Evaluation of DeepSeek-R1 and ChatGPT-4o on the Chinese national medical licensing examination: a multi-year comparative study
Appendix Tables 1 and 2 show the accuracy of ChatGPT-4o and Deepseek-R1 on NMLE questions. The data is grouped by unit and year from 2017 to 2021. Deepseek-R1 gets higher accuracy than ChatGPT-4o. Its scores are especially high in 2020 and 2021. In 2017, ChatGPT-4o’s accuracy is lower. For example, Unit 3 is 46.00% and the average is 52.33%. In the same year, Deepseek-R1 gets 90.00% in Unit 1. It keeps high scores in other years too. In 2020, Unit 2 reaches 96.67%. Deepseek-R1 has stable performance in each year. ChatGPT-4o shows more changes in its scores.
The detailed performance data is summarized visually in Fig. 3. (Appendix Tables 1 and 2, which provide detailed unit-by-unit accuracy, are available in the Supplementary Appendix).
A two-way analysis of variance (ANOVA) was conducted to assess the effects of model (ChatGPT-4o vs. DeepSeek-R1) and year (2017–2021) on answer accuracy.
The results revealed significant main effects of model (F(1,26) = 1653.64, p < 0.001, η2 = 0.98) and year (F(4,26) = 19.05, p < 0.001, η2 = 0.42), as well as a moderate model–year interaction (F(4,26) = 5.77, p = 0.024, η2 = 0.18).
These results confirm that model type plays a dominant role in performance, with DeepSeek-R1 consistently outperforming ChatGPT-4o across all years and subject areas.
Figure 1 presents the annual performance of ChatGPT-4o across four subject units, highlighting considerable year-to-year variability, especially in Unit 3 during earlier years. Figure 2 shows Deepseek-R1’s performance under the same conditions, where the model consistently maintained high accuracy across all units and years. Figure 3 provides a direct comparison of the average annual accuracy between the two models, clearly illustrating the performance gap, with Deepseek-R1 demonstrating stronger and more stable outcomes over time.

Accuracy of ChatGPT-4o across four clinical units from 2017 to 2021.

Accuracy of Deepseek-R1 across four clinical units from 2017 to 2021.
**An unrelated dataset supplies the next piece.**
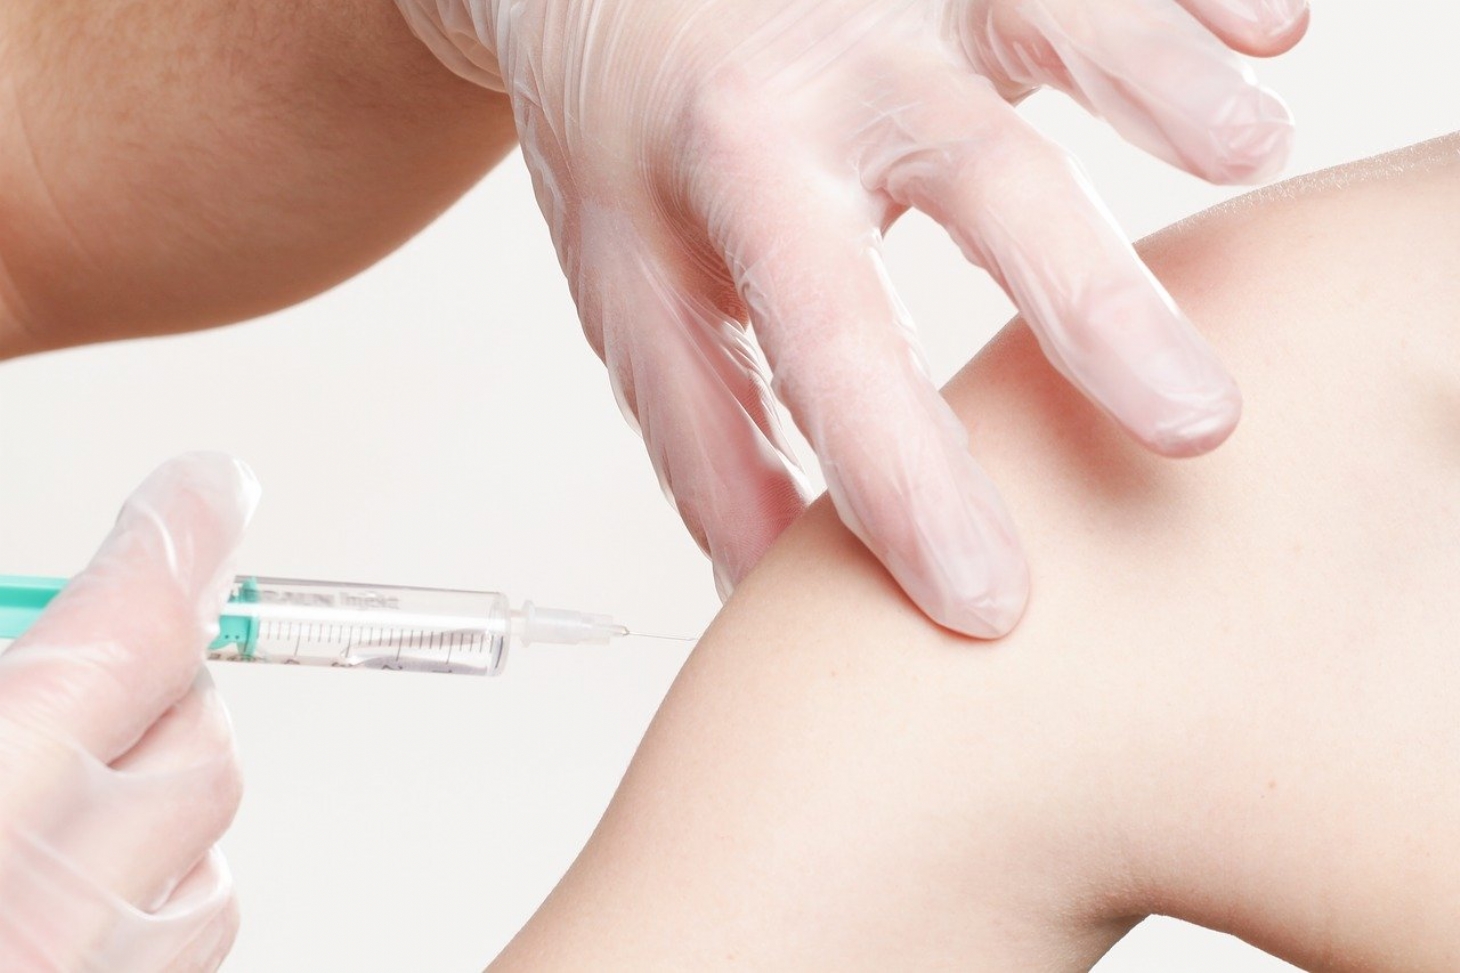 Dia D terá imunização contra o sarampo e outras vacinas em Santos | Jornal da Orla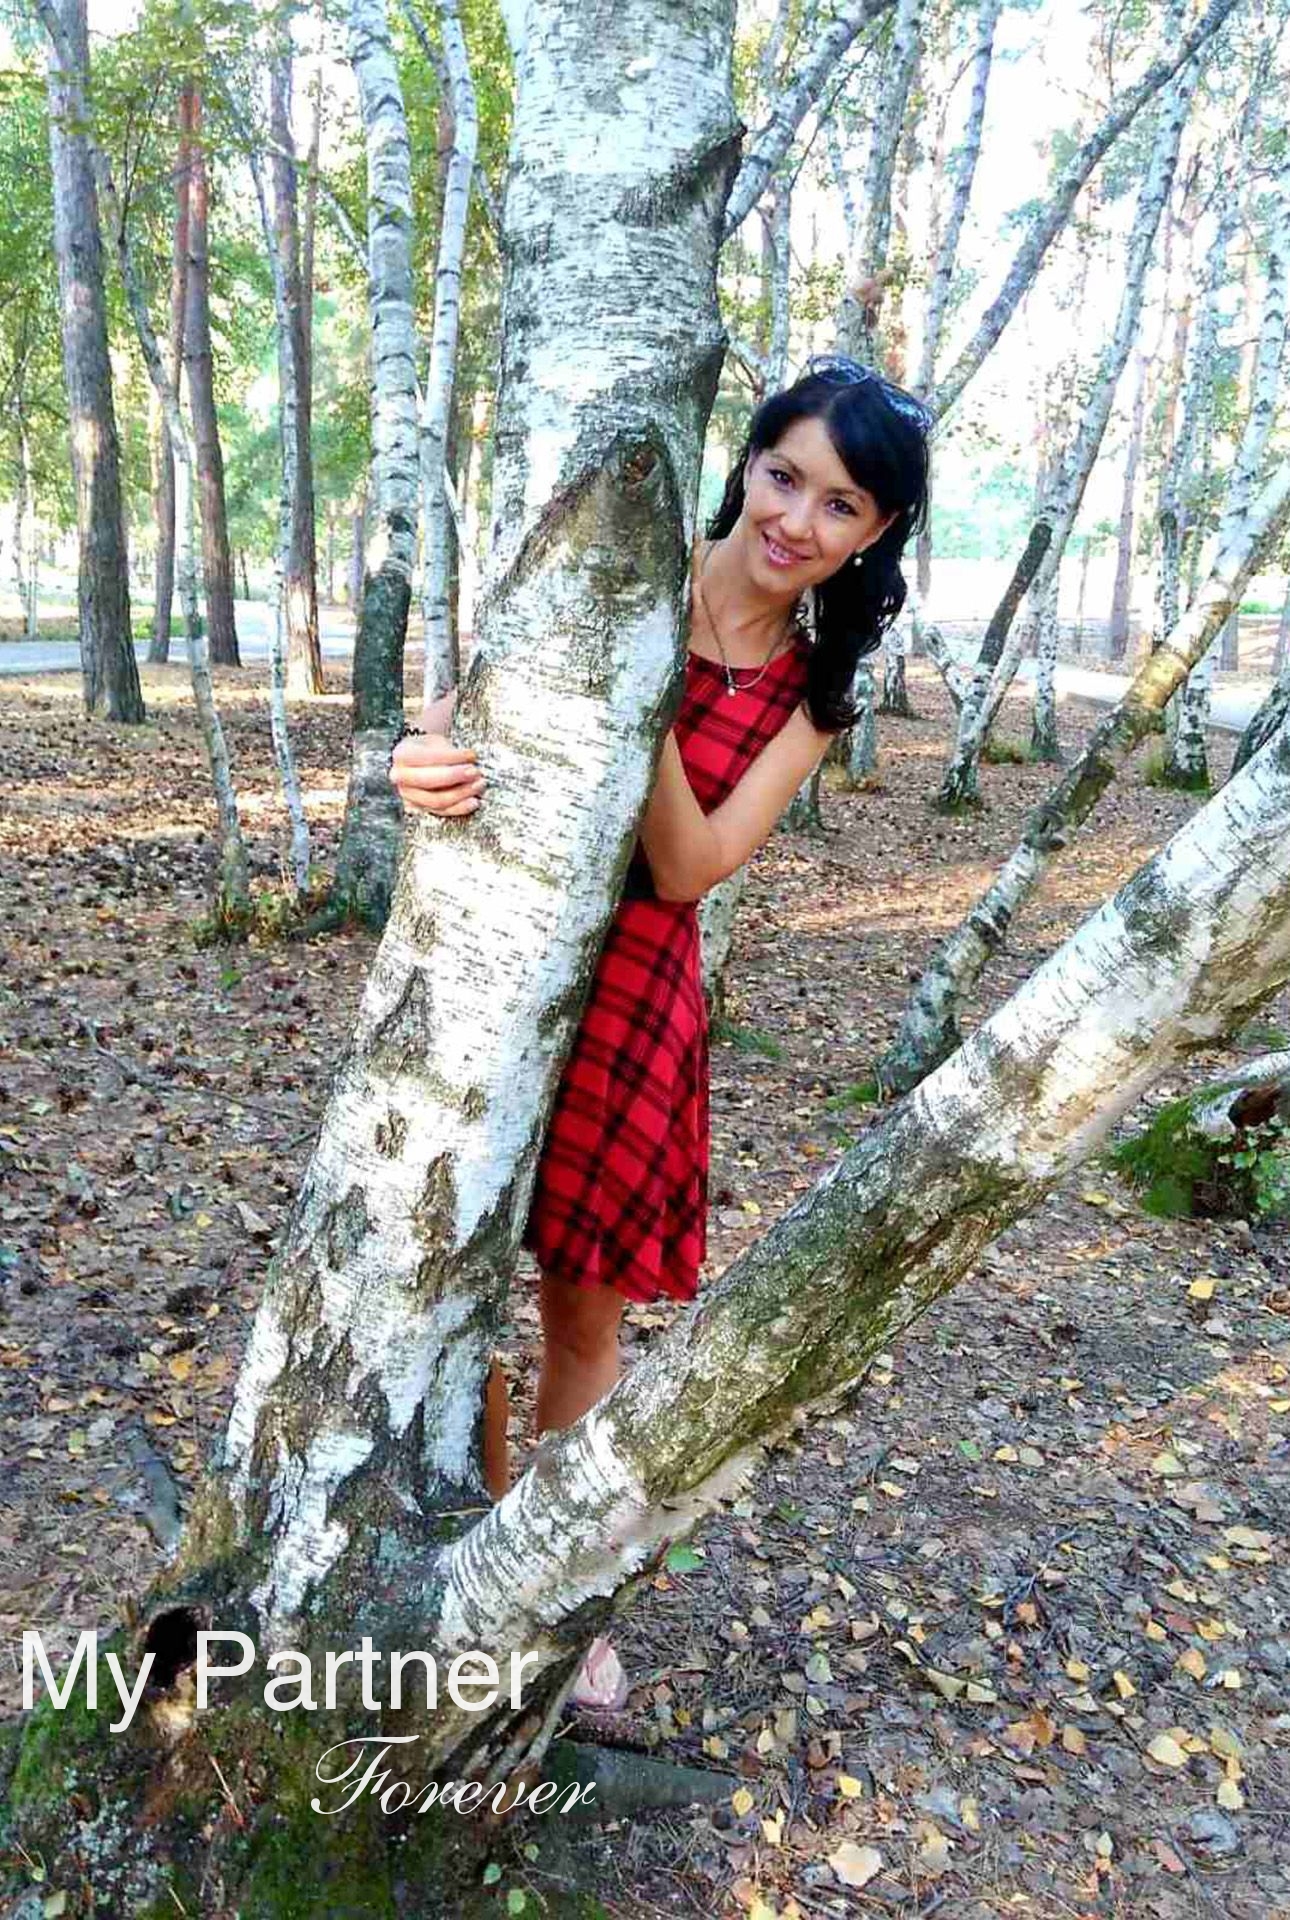 Dating Site to Meet Pretty Ukrainian Girl Marina from Zaporozhye, Ukraine

Average accuracy (%) of ChatGPT-4o and DeepSeek-R1 from 2017 to 2021.
As shown in Fig. 1, ChatGPT-4o’s accuracy varied across clinical units and years, with Units 1 and 3 exhibiting relatively lower proportions of correct answers compared to Units 2 and 4. Notably, Unit 1 showed a visible drop in accuracy from 2017 to 2019, followed by a moderate recovery. The results suggest unit-specific challenges in question answering, highlighting potential differences in content complexity or model limitations in certain domains.
In Fig. 2, Deepseek-R1 achieved consistently high accuracy across all four clinical units and years, with most units showing over 85% correct responses throughout the evaluation period. Compared to ChatGPT-4o (Fig. 1), Deepseek-R1 demonstrated significantly lower error rates, especially in Unit 1 and Unit 3, suggesting improved robustness in domains previously identified as challenging.
Figure 3 summarizes the overall performance comparison between ChatGPT-4o and DeepSeek-R1 from 2017 to 2021. DeepSeek-R1 consistently outperformed ChatGPT-4o across all years, achieving high average accuracy (approaching 95%) with minimal variance. In contrast, ChatGPT-4o’s performance fluctuated around 55–65%, with relatively larger standard deviations. These findings corroborate the trends observed in Figs. 1 and 2, highlighting the superior consistency and generalization capacity of DeepSeek-R1 across multiple clinical domains and years.
Generalized linear mixed model (GLMM) analysis
This table presents fixed-effect estimates from the generalized linear mixed model (GLMM) assessing the impact of model type (ChatGPT-4o vs. DeepSeek-R1), exam year, and subject unit on the probability of correctly answering Chinese NMLE questions. DeepSeek-R1 significantly outperformed ChatGPT-4o overall (β = − 1.829, p < 0.001). Compared to the 2017 baseline, ChatGPT-4o’s performance decreased significantly in 2019–2021 (p < 0.05) (see Table 1 for detailed GLMM results).
Among subject units, Unit 3 showed the most favorable outcome (β = 0.344, p = 0.001). A significant interaction was observed in 2020 (p = 0.009), indicating an amplified performance gap between the two models that year. All estimates are based on log-odds; negative coefficients indicate higher predicted accuracy. Compared to Unit 1 (reference), Unit 3 showed a significantly higher predicted accuracy (β = 0.344, p = 0.001), indicating the best overall performance among subject units.
To assess the robustness of the GLMM specified as correct ~ model * year + unit + (1 | question_id), we conducted a series of diagnostic checks. As shown in Fig. 4, the model fit is statistically valid and interpretable.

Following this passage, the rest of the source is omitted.